秋の窒素施肥は茎数密度維持と1番草多収効果あり

オーチャードグラスの各番草を構成する茎の主な発生時期は、3番草刈取り後の秋です。したがって、秋の窒素施肥はオーチャードグラスの茎数密度維持にかかせません。この場合、チモシーと同様に、2~4kg/10aの窒素施肥で十分です。

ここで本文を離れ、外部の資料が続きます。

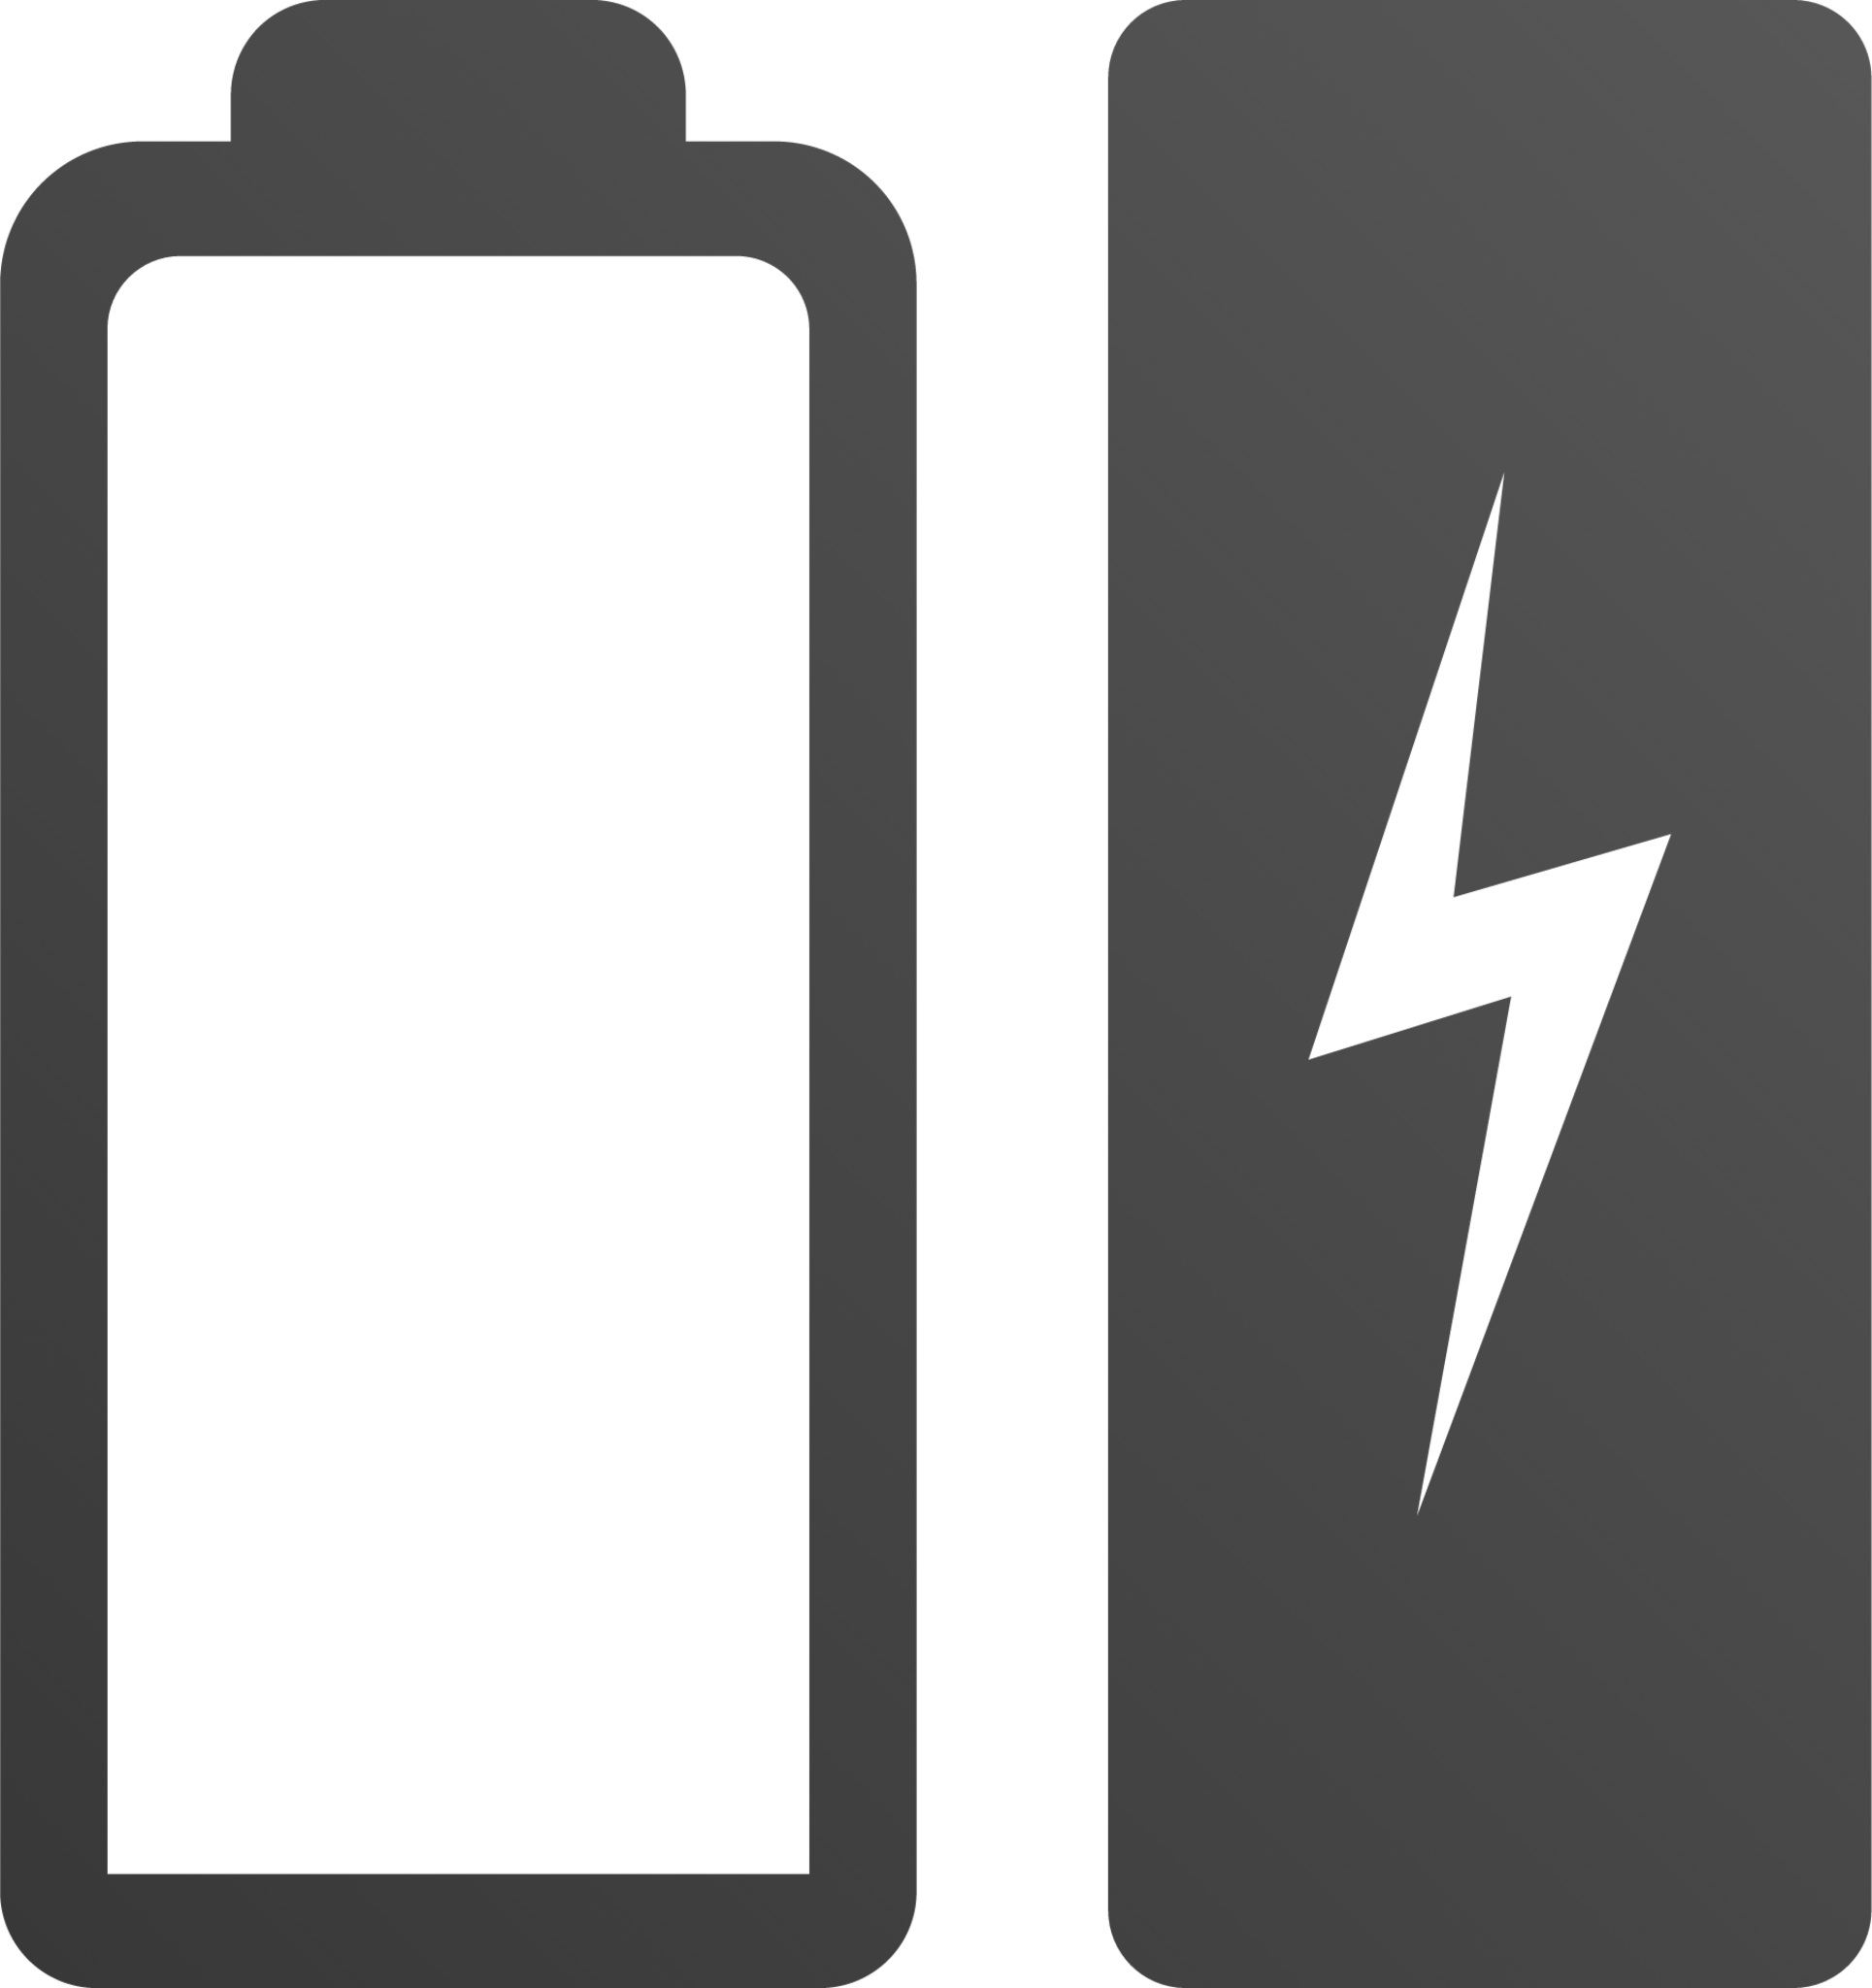 xfpm ups 000 charging icon
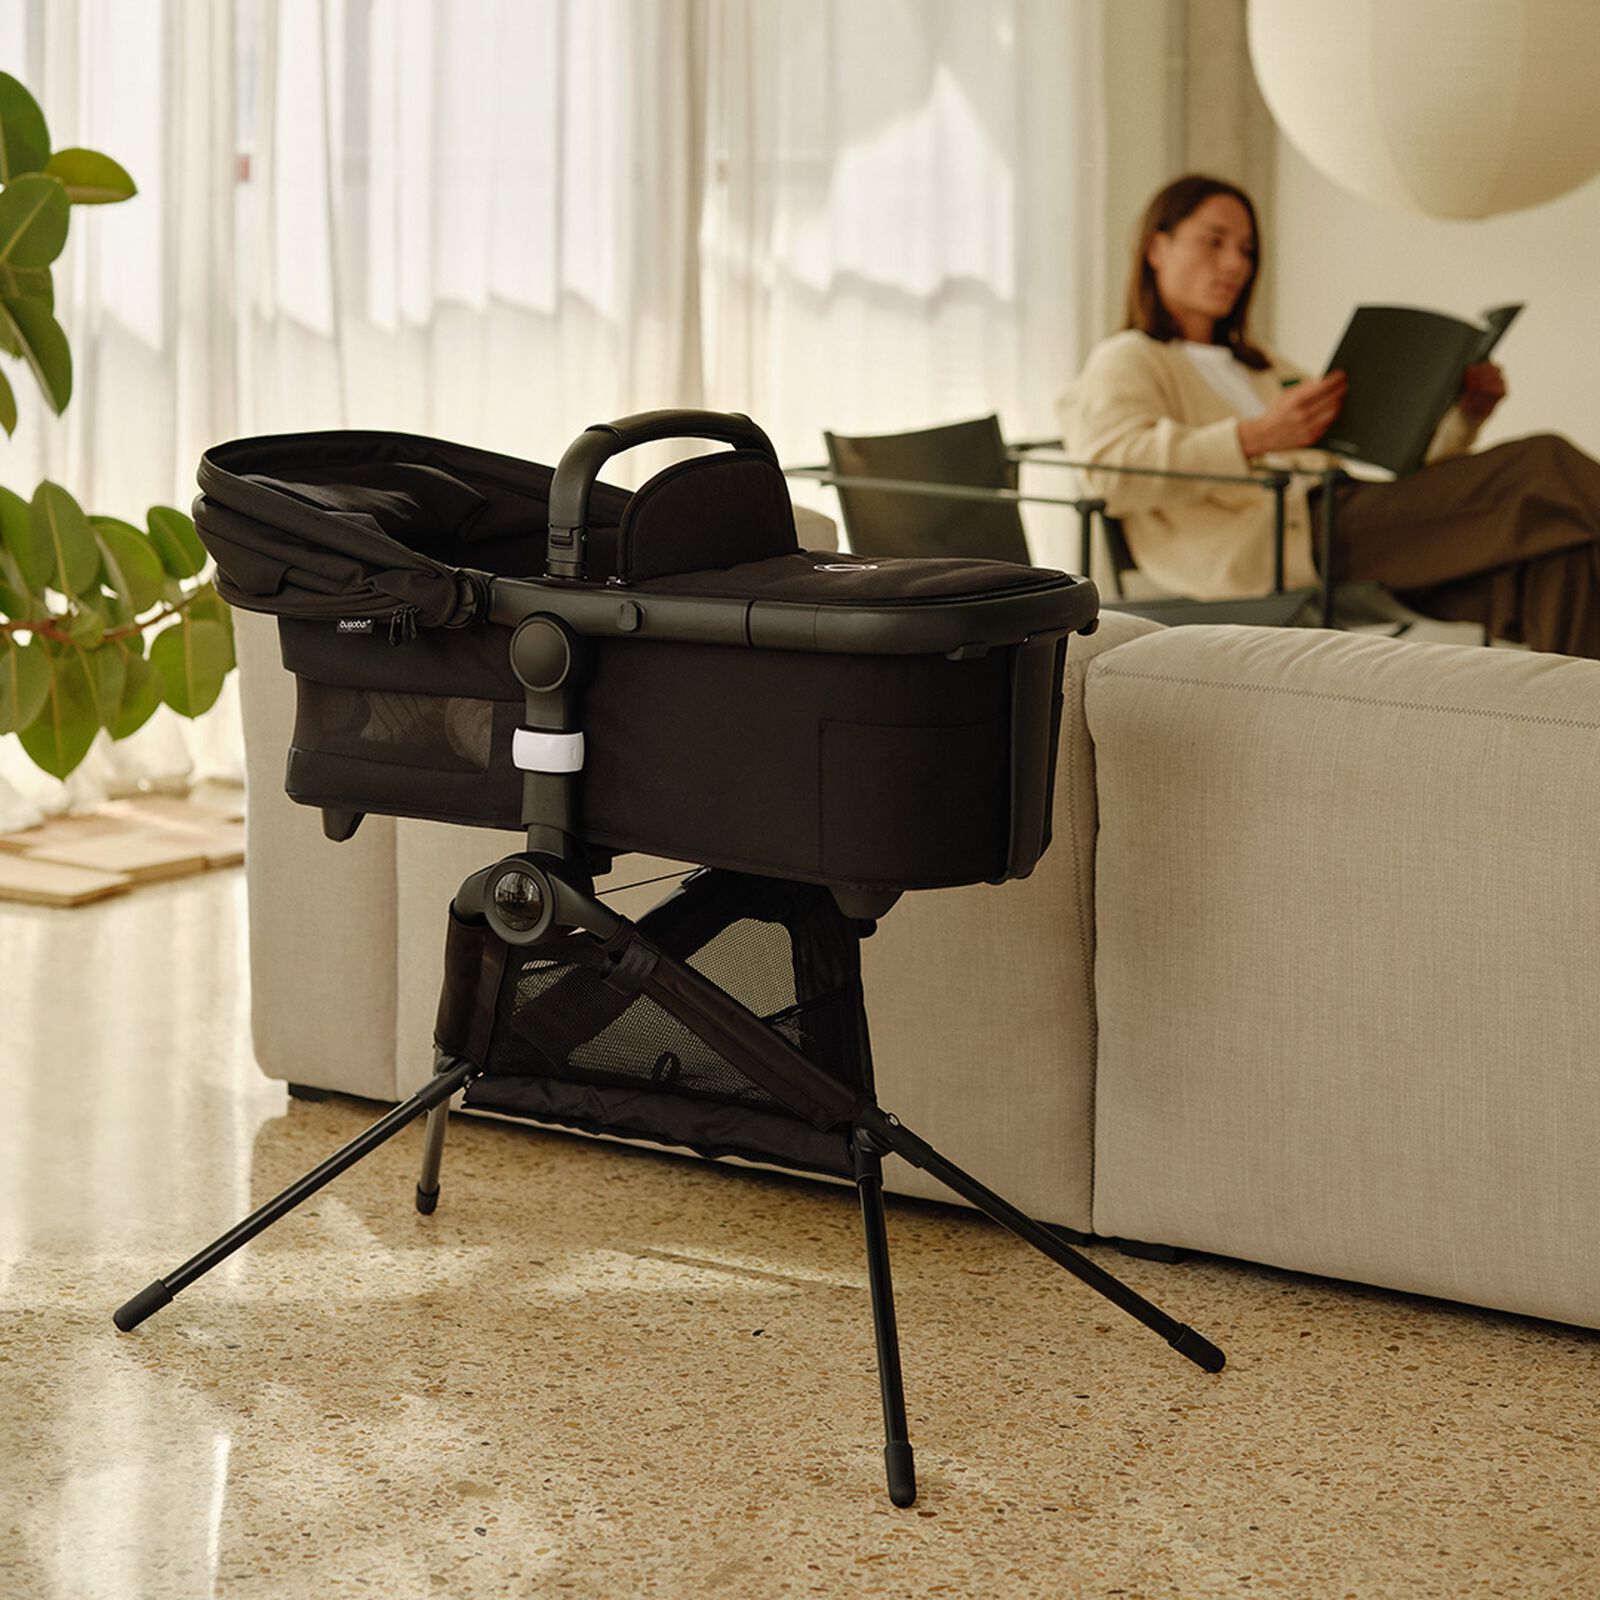 Bugaboo Fox 5 bassinet and seat stroller graphite base, midnight black fabrics, forest green sun canopy

この秋の窒素施肥は、新しい茎の発生促進だけでなく、1番草の出穂茎数も増加させる効果があります。すなわち、秋の施肥に加えて越冬後の早春にも窒素を施肥すると、出穂茎数が増えて増収効果が期待できます。ただし、ここでいう秋の窒素施肥は、最終刈取りを刈取り危険帯(刈取りが牧草の越冬性を低下させる時期。北海道の場合、10月上中旬)の前におこない、その後すぐにおこなう施肥を意味しています。それ以外の秋に窒素施肥しても出穂茎数の増加効果はなく、したがって、1番草多収効果もありません。この点は要注意です。
これまで2年間にわたって土と草のお話をしました。草地を多収で良好に維持するには、基本技術を確実に実行することにつきます。この連載では、その基本技術をお話ししました。少しでも参考になれば嬉しいです。長らくおつきあい下さり、ありがとうございました。